Google (GOOG) (GOOGL) on Tuesday unveiled its multimodal Gemini Embedding 2 artificial intelligence model, the tech giant’s newest model that maps text, images, video, audio, and documents into a single embedding space.
“Gemini Embedding 2 maps text, images, videos, audio and documents into a single, unified embedding space, and captures semantic intent across over 100 languages,” Google said in a blog post. “This simplifies complex pipelines and enhances a wide variety of multimodal downstream tasks—from Retrieval-Augmented Generation (RAG) and semantic search to sentiment analysis and data clustering.”
The latest addition to the Gemini family of AI models supports up to 8192 input tokens for text; can process up to 6 images per request in both PNG and JPEG formats; has support for up to 120 seconds of video in MP4 and MOV formats; can ingest and embed audio data without the need for transcription; and directly embed PDFs that are up to 6 pages long.
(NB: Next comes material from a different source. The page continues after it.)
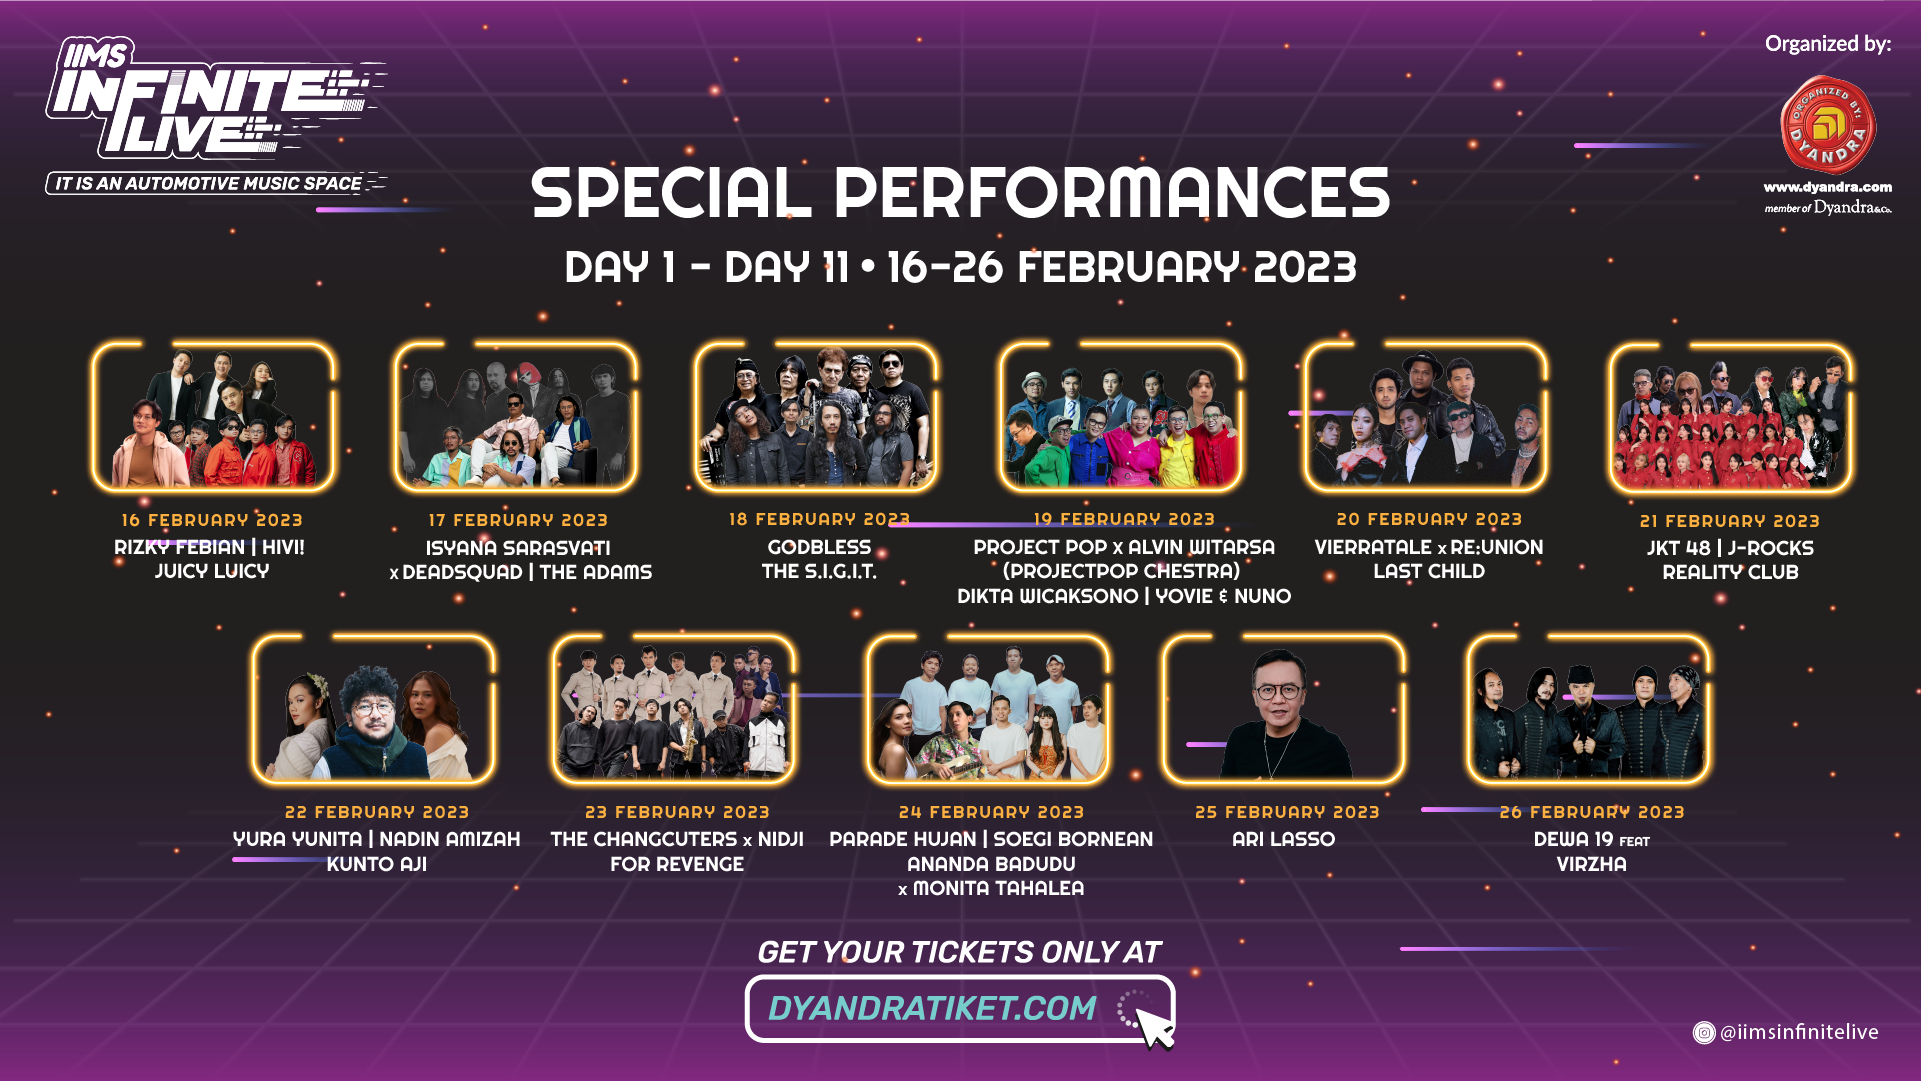 Jadwal special performance penyanyi dan grup musik di IIMS Infinite Live.

“Gemini Embedding 2 doesn’t just improve on legacy models,” Google added, comparing it to similar offerings from Amazon (AMZN), Voyage and other Google models. “It establishes a new performance standard for multimodal depth, introducing strong speech capabilities and outperforming leading models in text, image, and video tasks. This measurable improvement and unique multimodal coverage give developers exactly what they need for their diverse embedding needs.”
Google shares were up fractionally in midday trading on Tuesday.